=== Given information ===
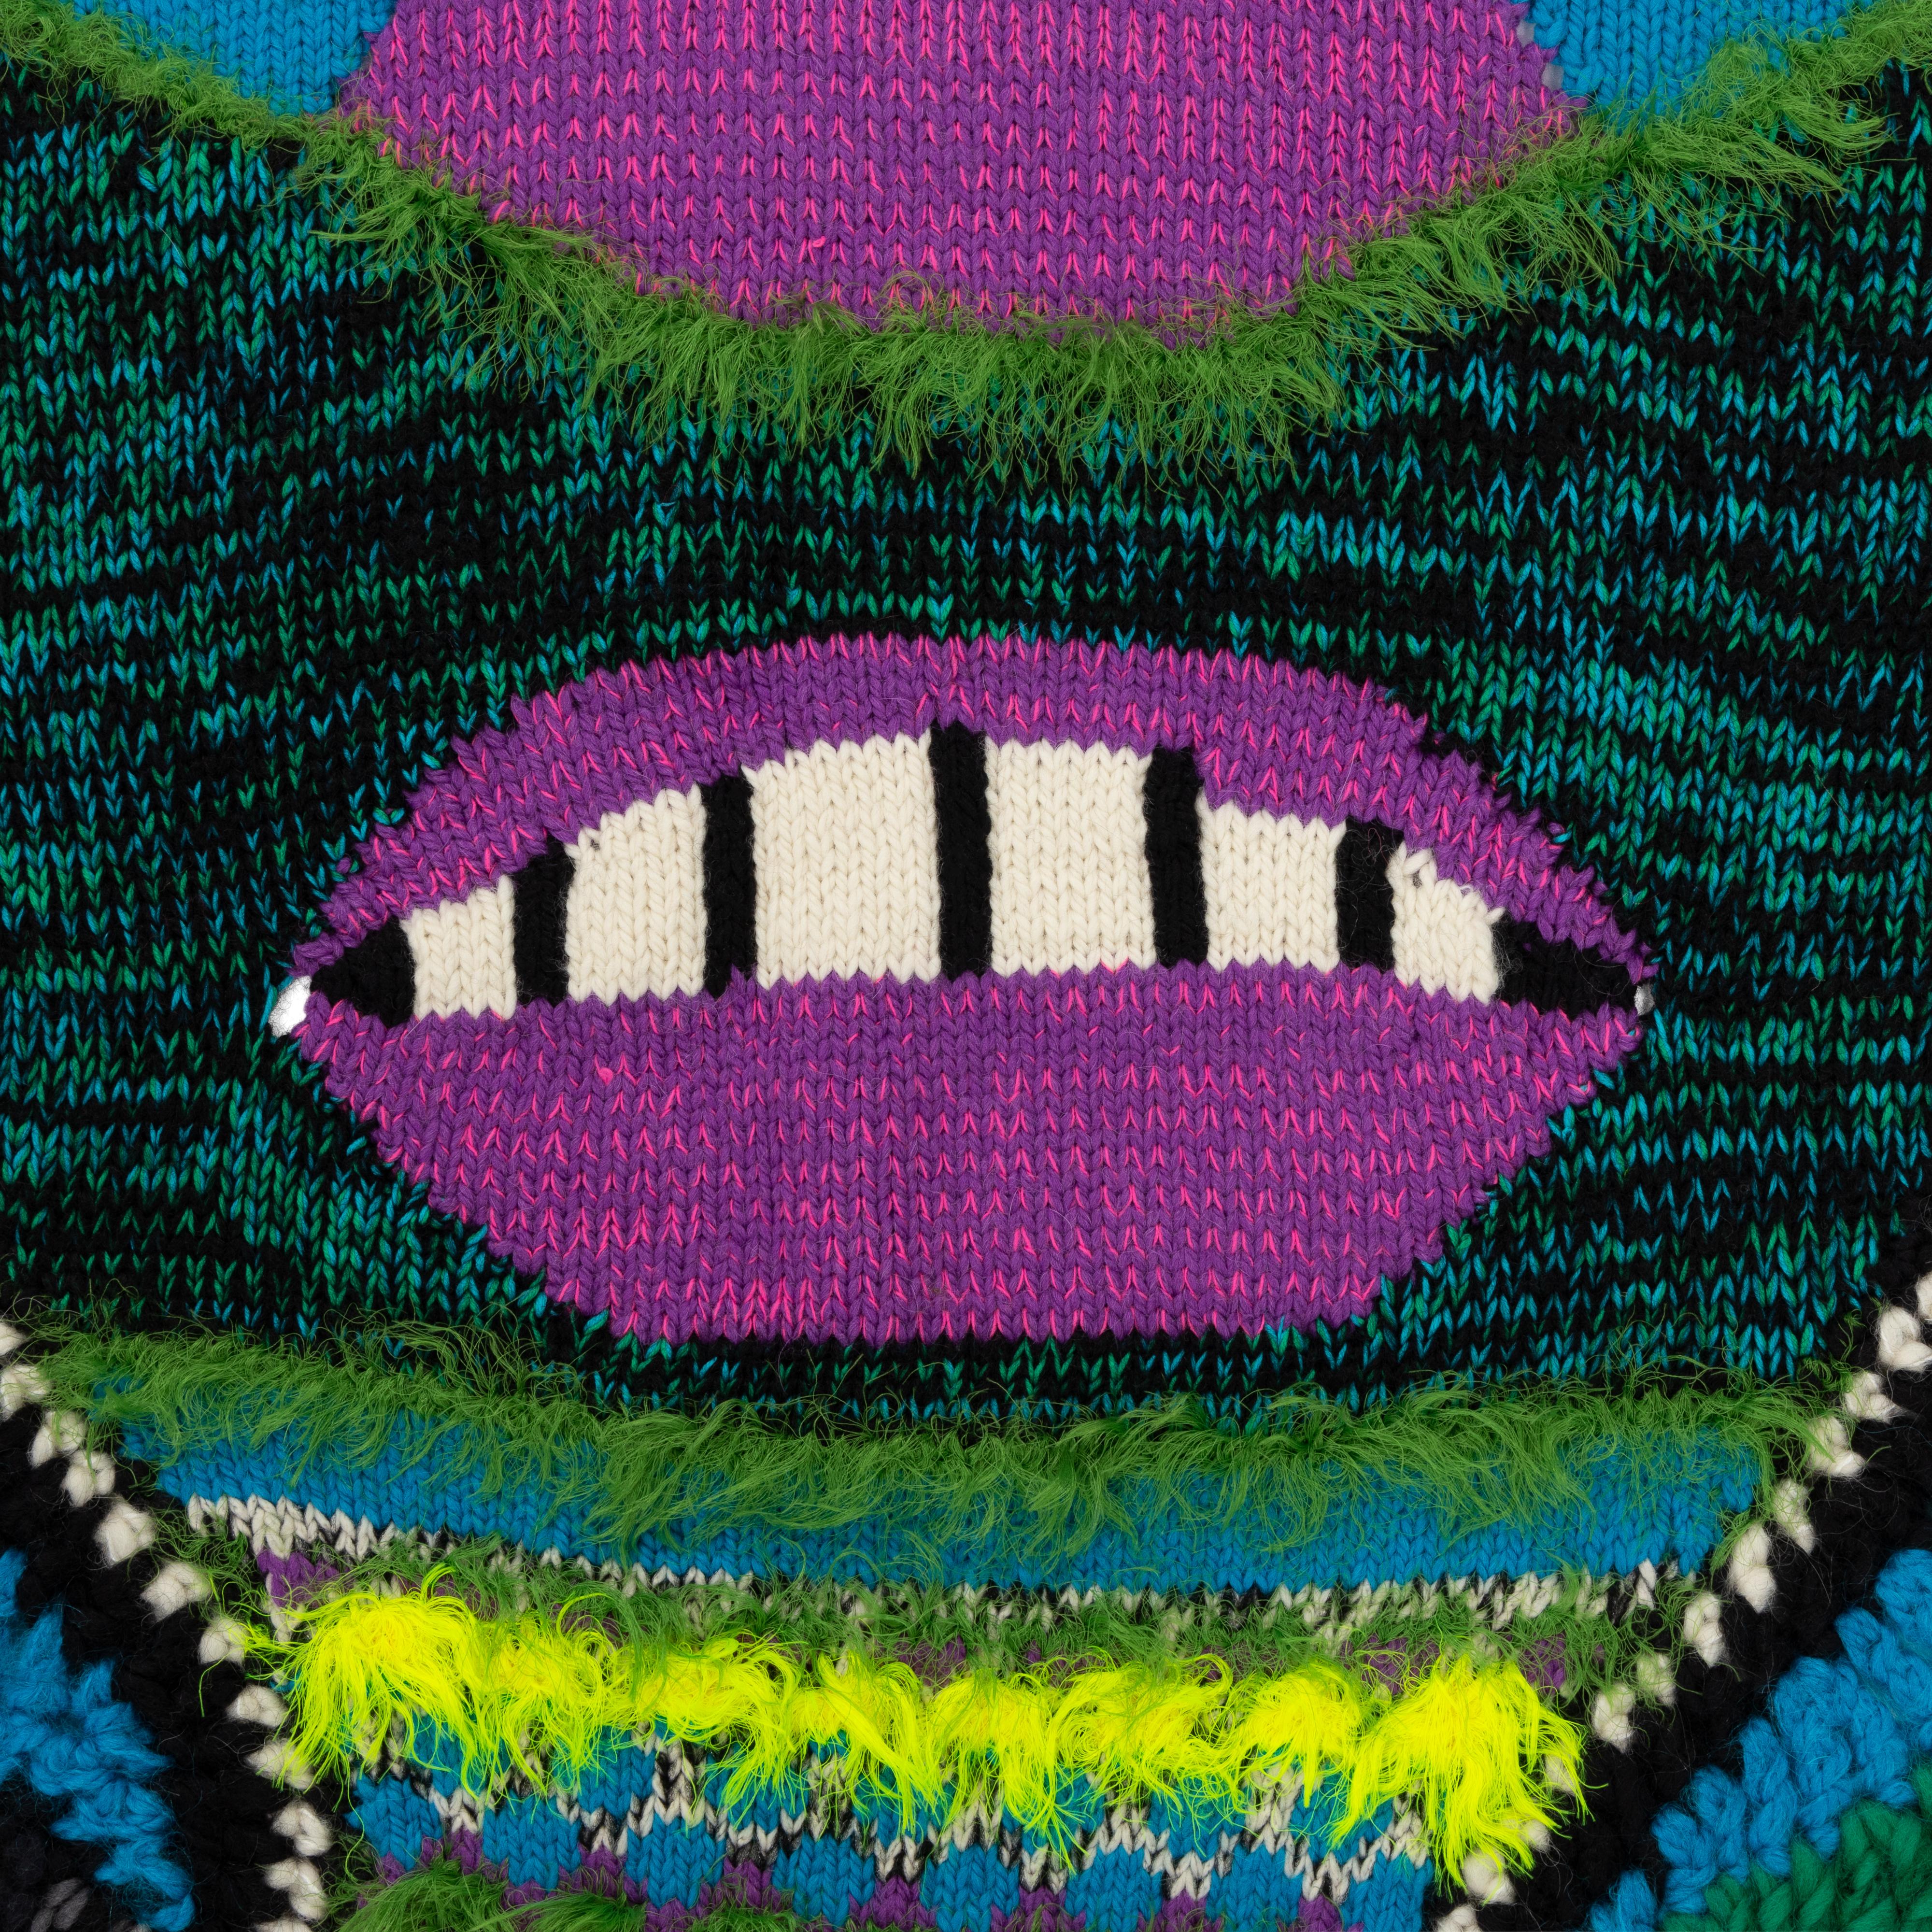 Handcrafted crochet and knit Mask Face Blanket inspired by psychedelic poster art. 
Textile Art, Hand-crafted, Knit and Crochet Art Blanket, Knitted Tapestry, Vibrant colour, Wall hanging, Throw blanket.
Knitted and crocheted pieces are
===
## Exercise objective
Look over the material above and report each line holding "Knitted".

## Output for this task
Textile Art, Hand-crafted, Knit and Crochet Art Blanket, Knitted Tapestry, Vibrant colour, Wall hanging, Throw blanket.
Knitted and crocheted pieces are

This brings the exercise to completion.